Nor’easter knocks out power for about 235,000 customers across the Northeast
Apr 19, 2022, 3:53 PM | Updated: Jun 8, 2022, 3:16 pm
(Aki Soga/The Burlington Free Press/USA Today Network via CNN)
(CNN) — About 235,000 customers were without power across the Northeast on Tuesday afternoon, primarily in upstate New York, as an April nor’easter brought heavy snow and gusty winds to the region.
Parts of western New York and Pennsylvania were hit with over a foot of snow, according to preliminary snowfall totals, including 18 inches in the town of Virgil, New York.
High winds also battered coastal areas, highlighted by 67 mph gusts in Tuckerton, New Jersey, and 66 mph gusts in Cape May, New Jersey.
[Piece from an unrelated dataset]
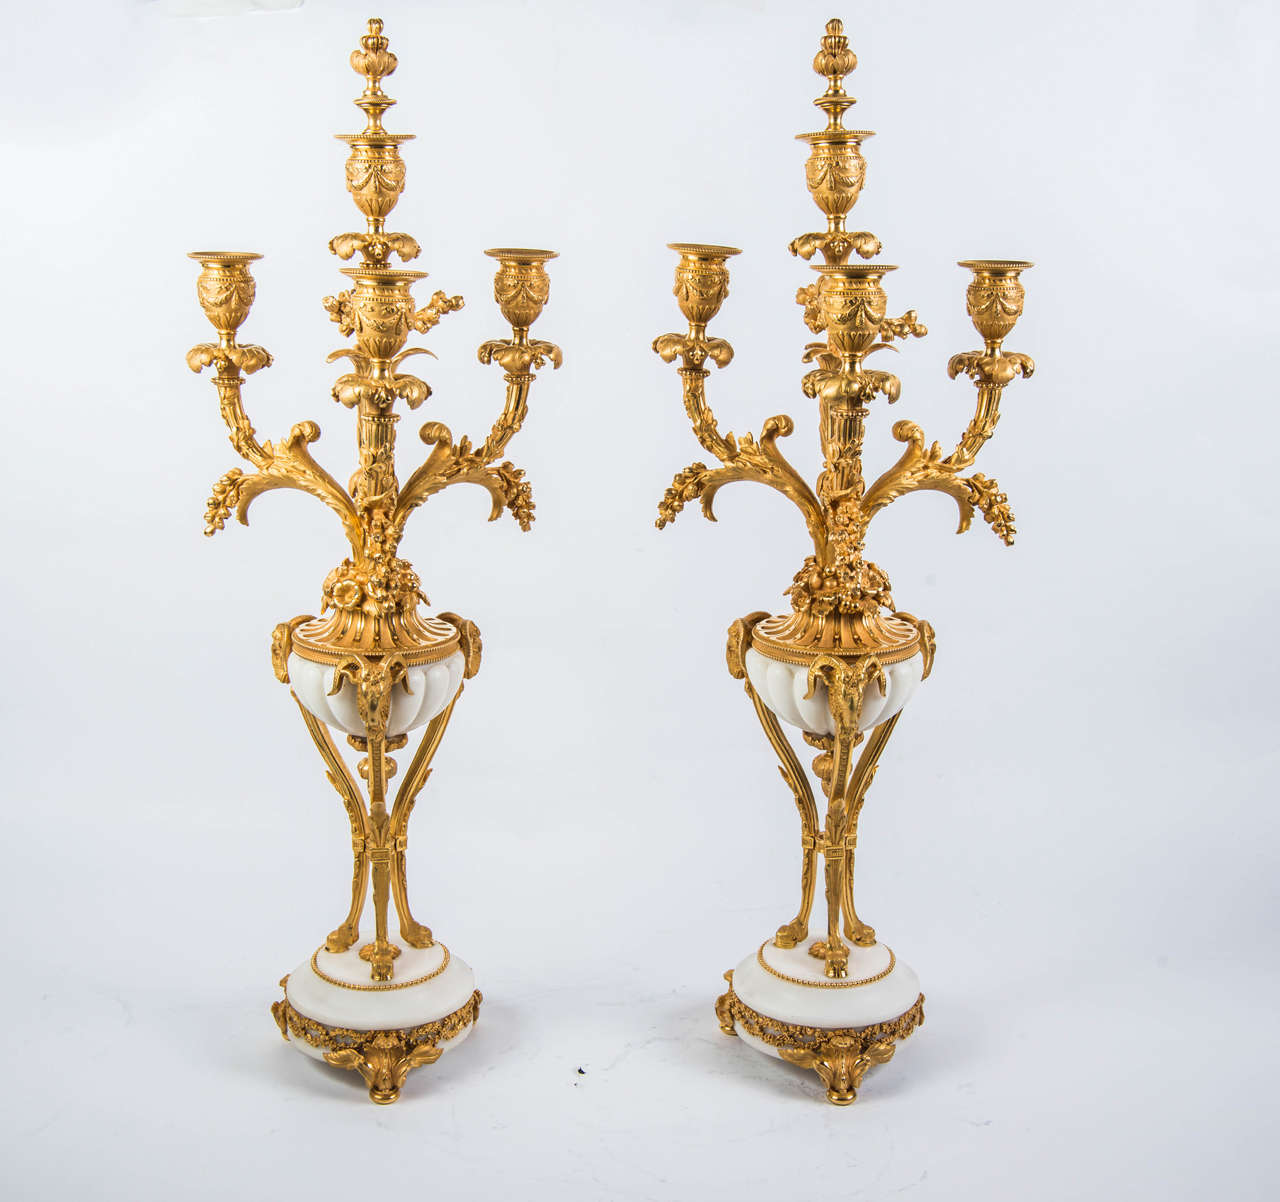 2 gilded bronze and marble candelabras- 5 arms of lights.

New York City’s JFK Airport recorded a gust of 47 mph overnight, while wind peaks ranged from 46 mph to 69 mph across parts of Suffolk County on Long Island, according to the National Weather Service.
Those without power include about 171,000 homes and businesses in New York and about 43,000 in Pennsylvania, according to the website PowerOutage.US.
Around 500,000 people are still under winter weather alerts Tuesday in the interior Northeast from northeast Pennsylvania into upstate New York. Another 2 to 3 inches of snow is possible over central-upstate New York on Tuesday night.
Wind alerts along the coastal towns have ended as the strongest winds have subsided, but the area will remain breezy on Tuesday.
There is a gale warning from New York’s Long Island northward along the New England coast. The weather service says during the warning, which is in effect until 8 a.m. ET., some areas will see seas as high as 15 feet.
“Strong winds will cause hazardous seas which could capsize or damage vessels and reduce visibility.” the weather service said.
Wind advisories in northern Pennsylvania and western and central New York will continue into Tuesday night, as winds could gust to 40 mph.
A nor’easter is a term for a storm on the US East Coast in which powerful winds come from the northeast. This current storm’s late-season arrival in mid-April is rare though not unheard of, experts said.
While the storms often impact coastal areas, this week’s nor’easter tracked much farther to the west, meaning precipitation in coastal cities arrived as rain while inland locations received heavy, wet snow.
Before arriving to the Northeast, the storm dropped heavy rain across the Carolinas and mid-Atlantic coast.